● **Problem description**
Print the whole listing below exactly as given, pictures excluded.

● **Recorded information**

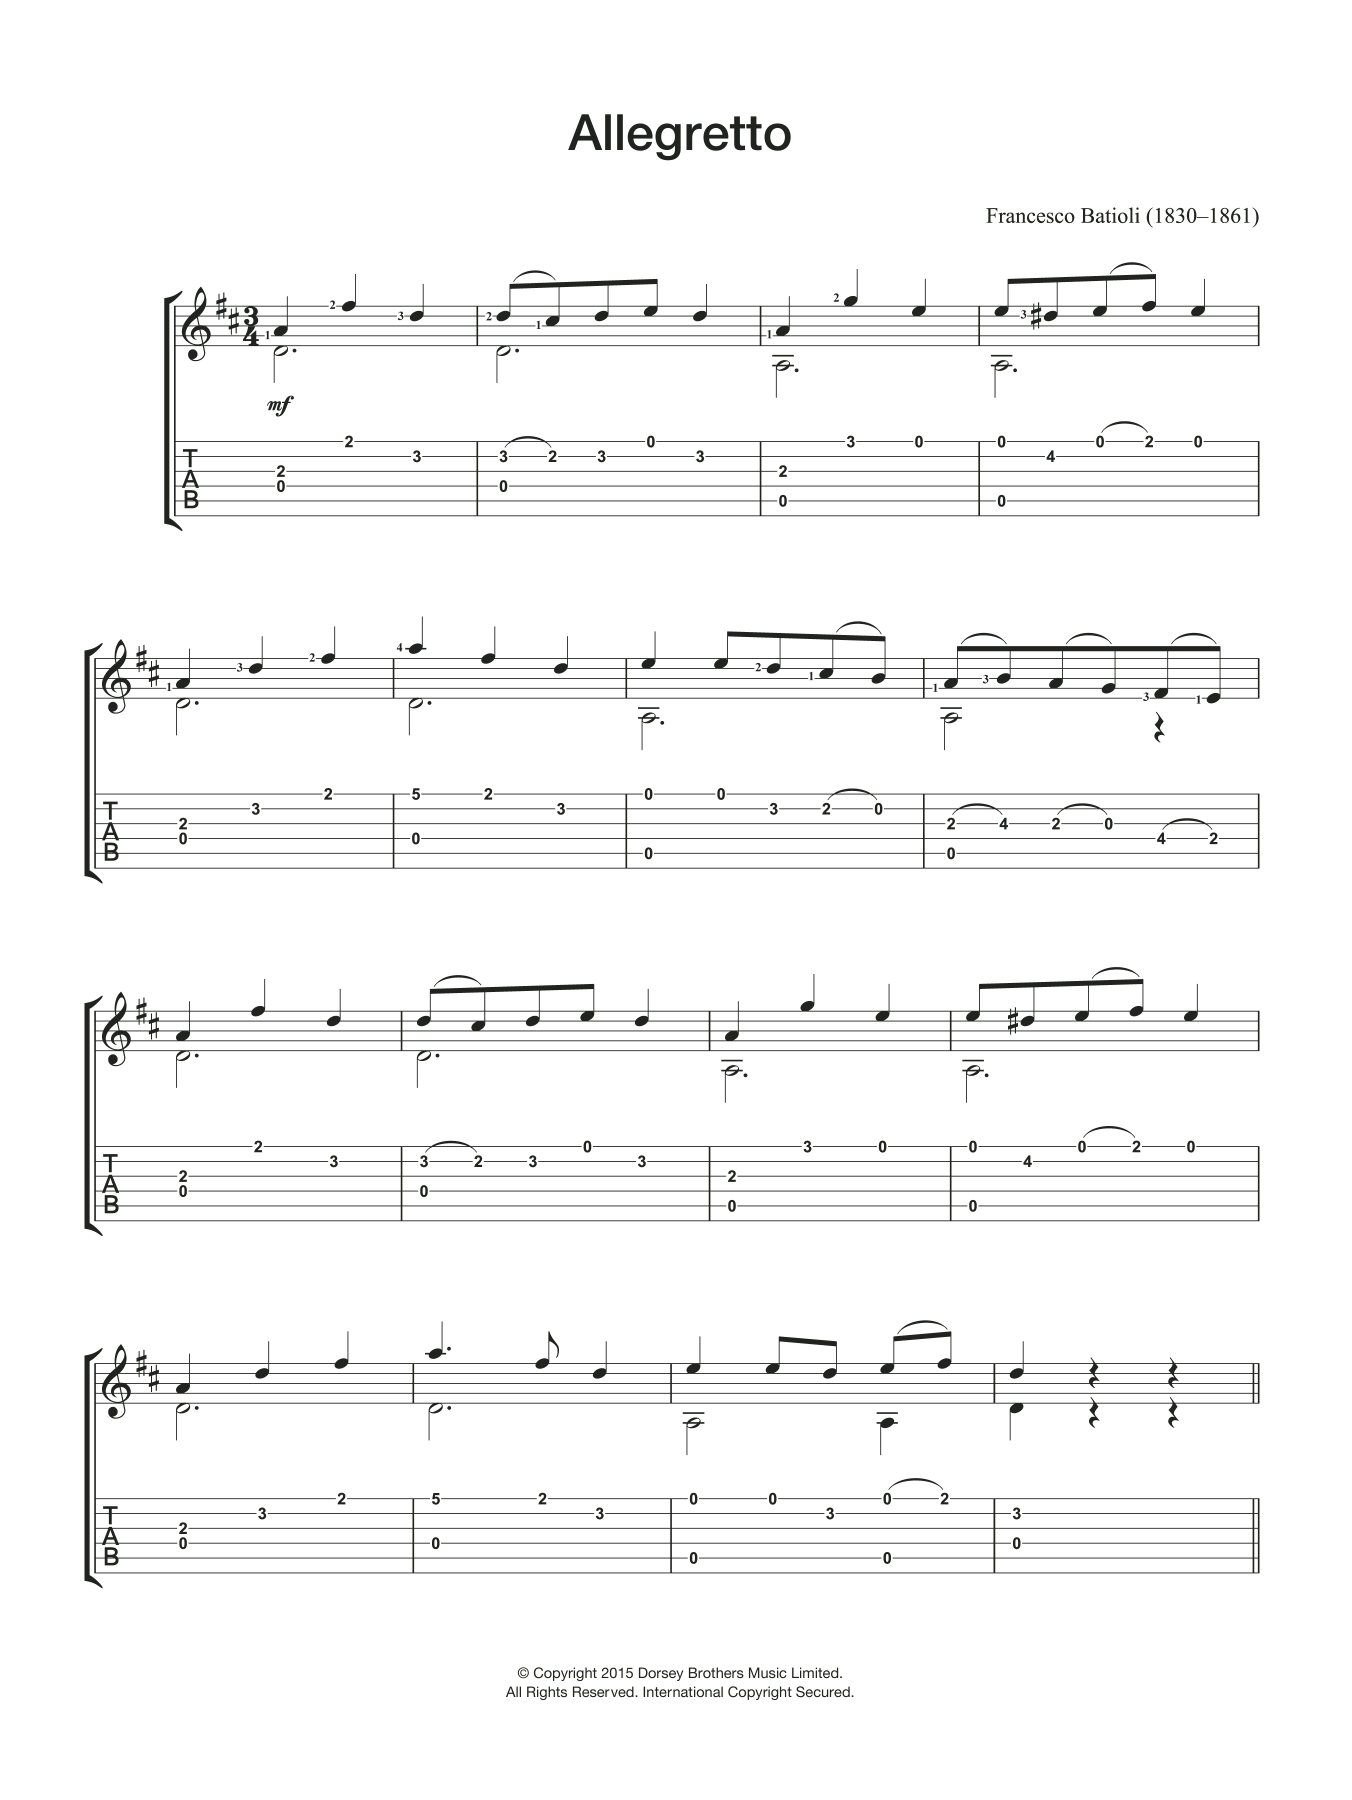 Francesco Batioli Allegretto sheet music notes and chords arranged for Easy Guitar
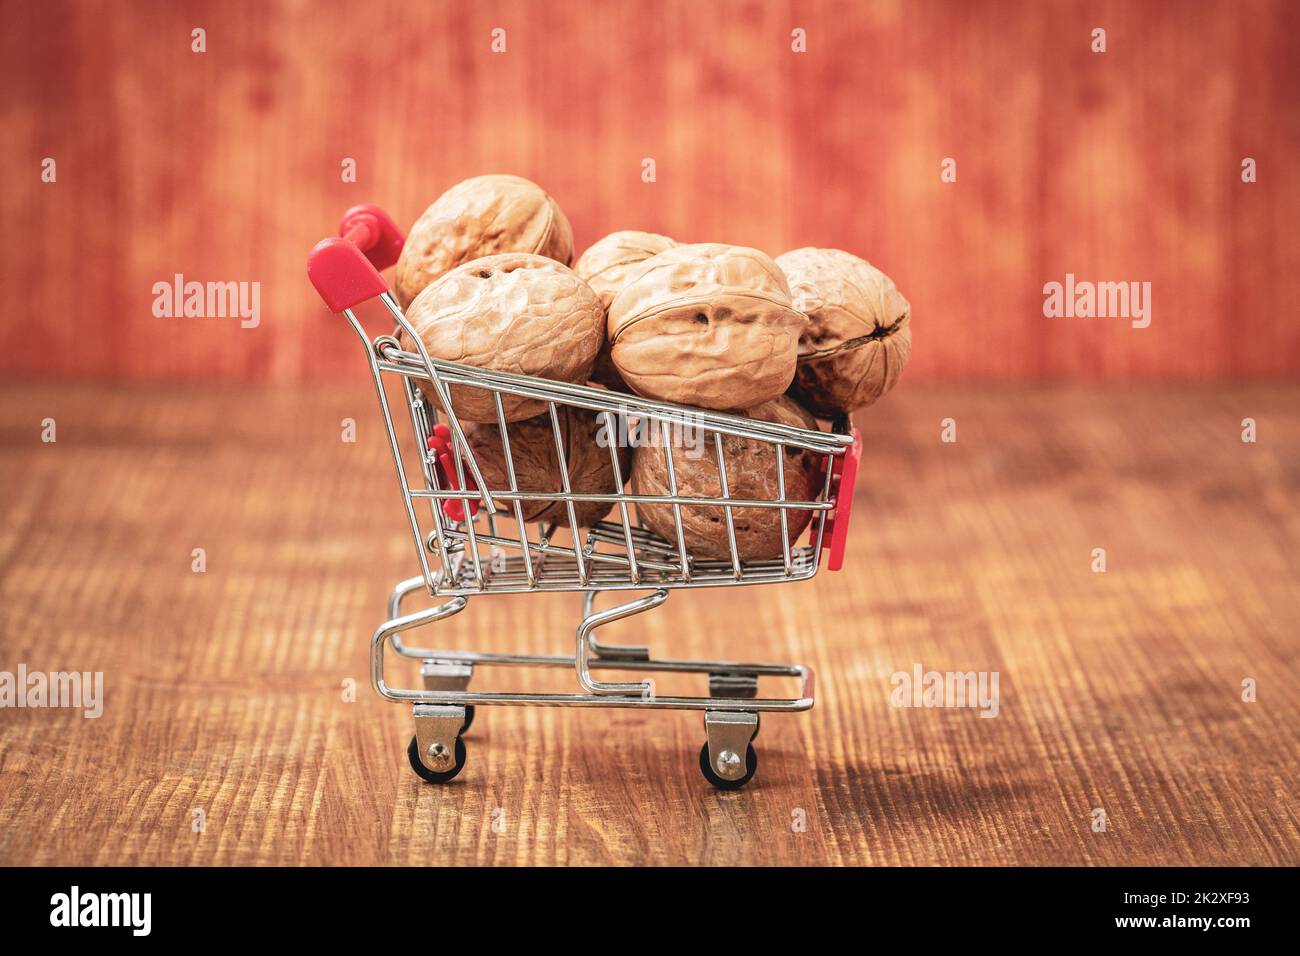 Shopping cart full of walnuts Stock Photo
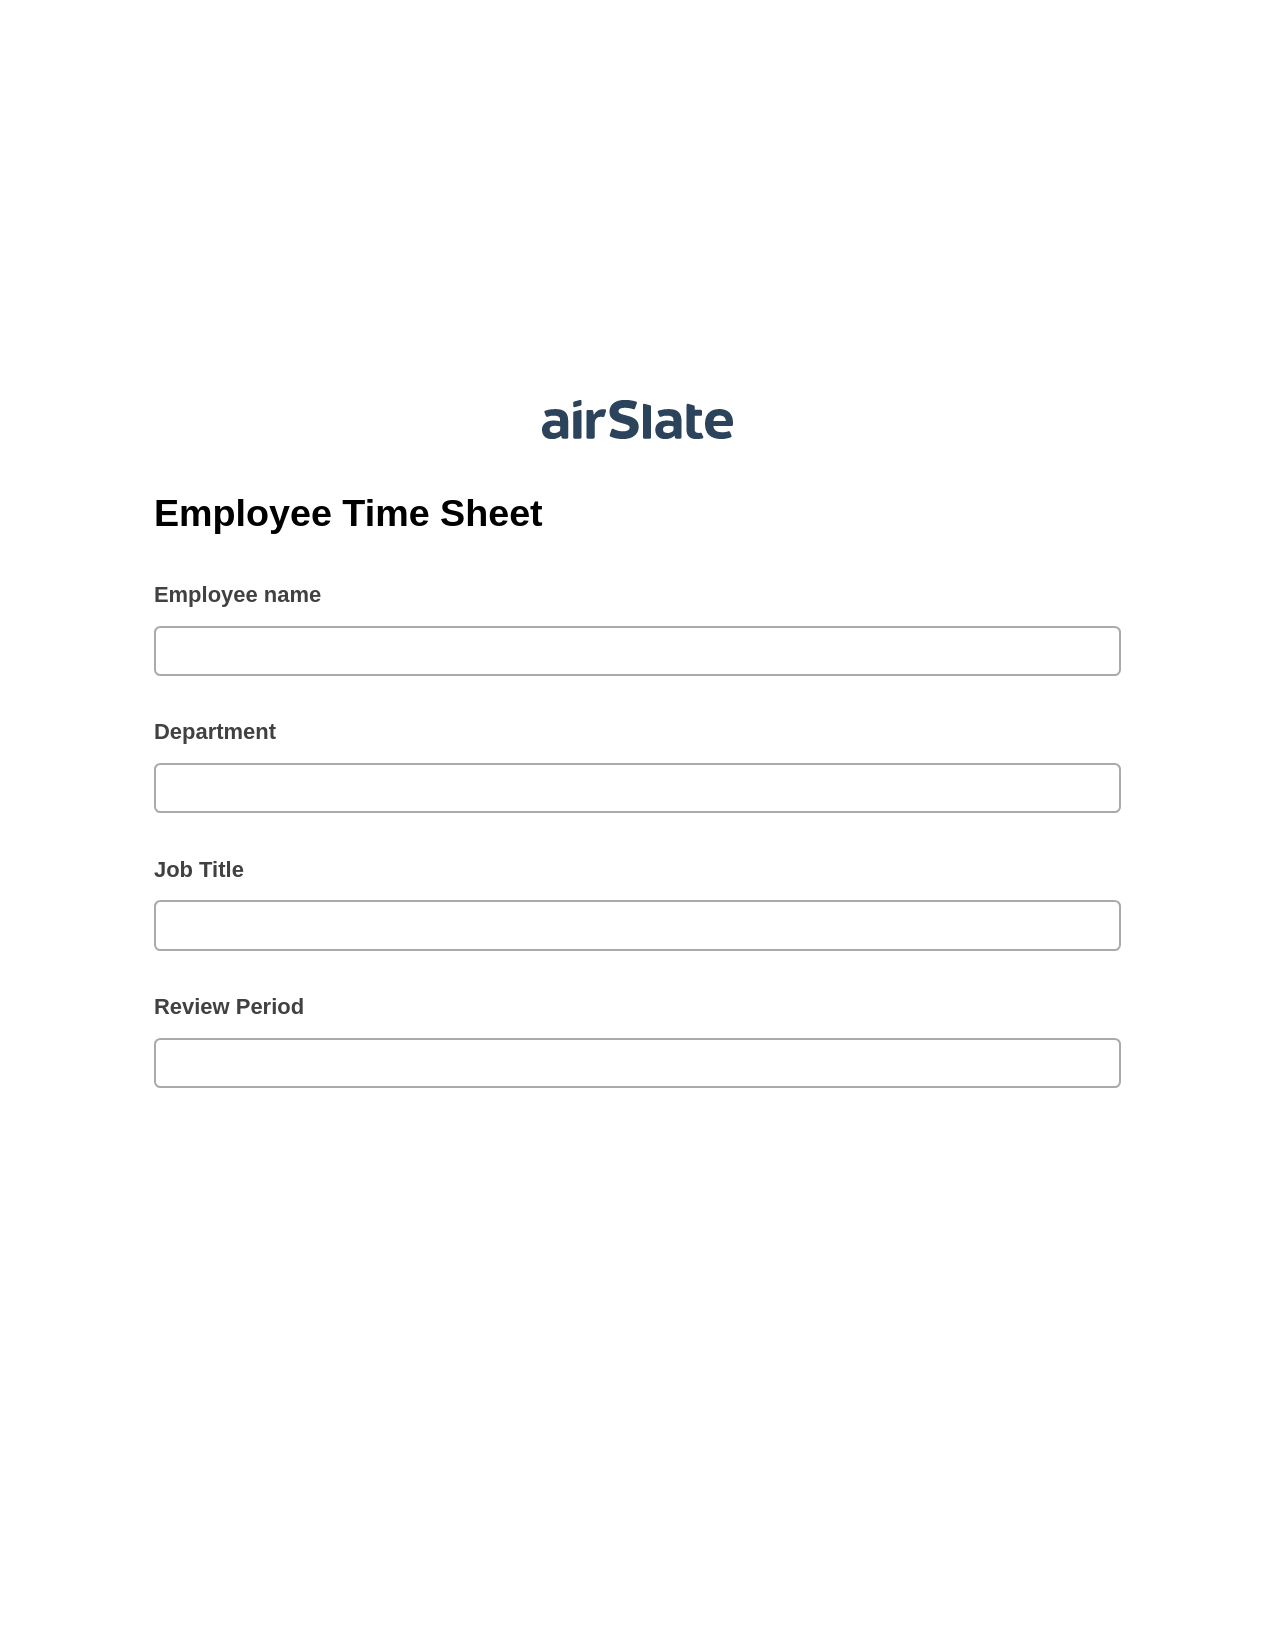 Multirole Employee Time Sheet Pre-fill Document Bot, Slack Notification Bot, Export to Smartsheet
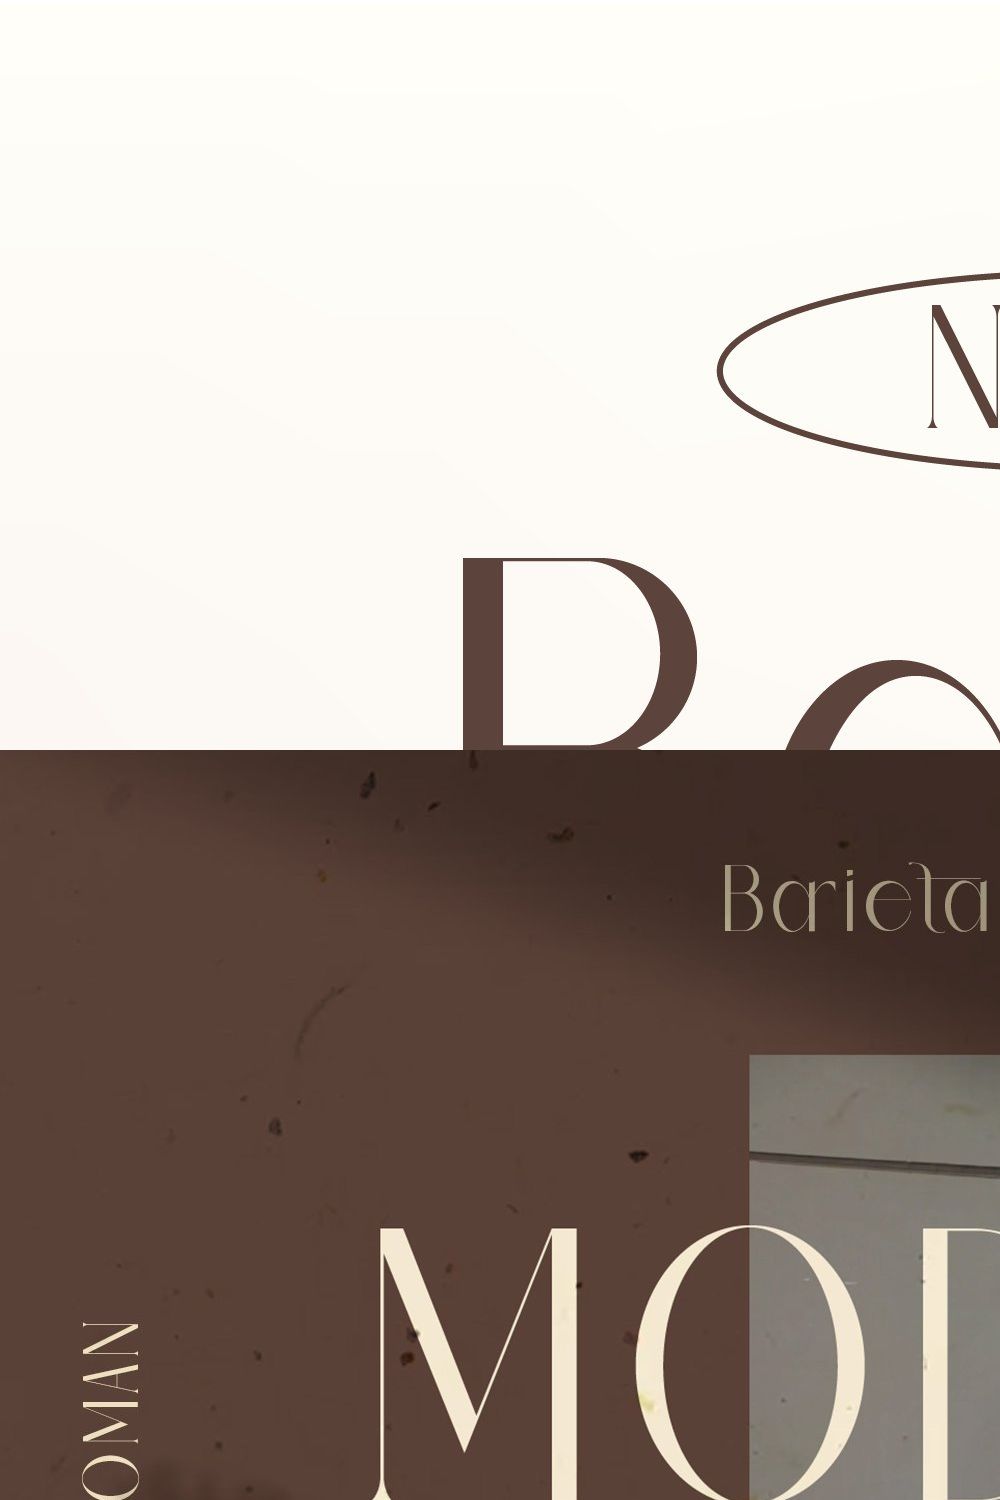 Barieta Elegant Typeface pinterest preview image.

● **Exercise result**
 Francesco Batioli Allegretto sheet music notes and chords arranged for Easy Guitar
 Shopping cart full of walnuts Stock Photo
 Multirole Employee Time Sheet Pre-fill Document Bot, Slack Notification Bot, Export to Smartsheet
 Barieta Elegant Typeface pinterest preview image.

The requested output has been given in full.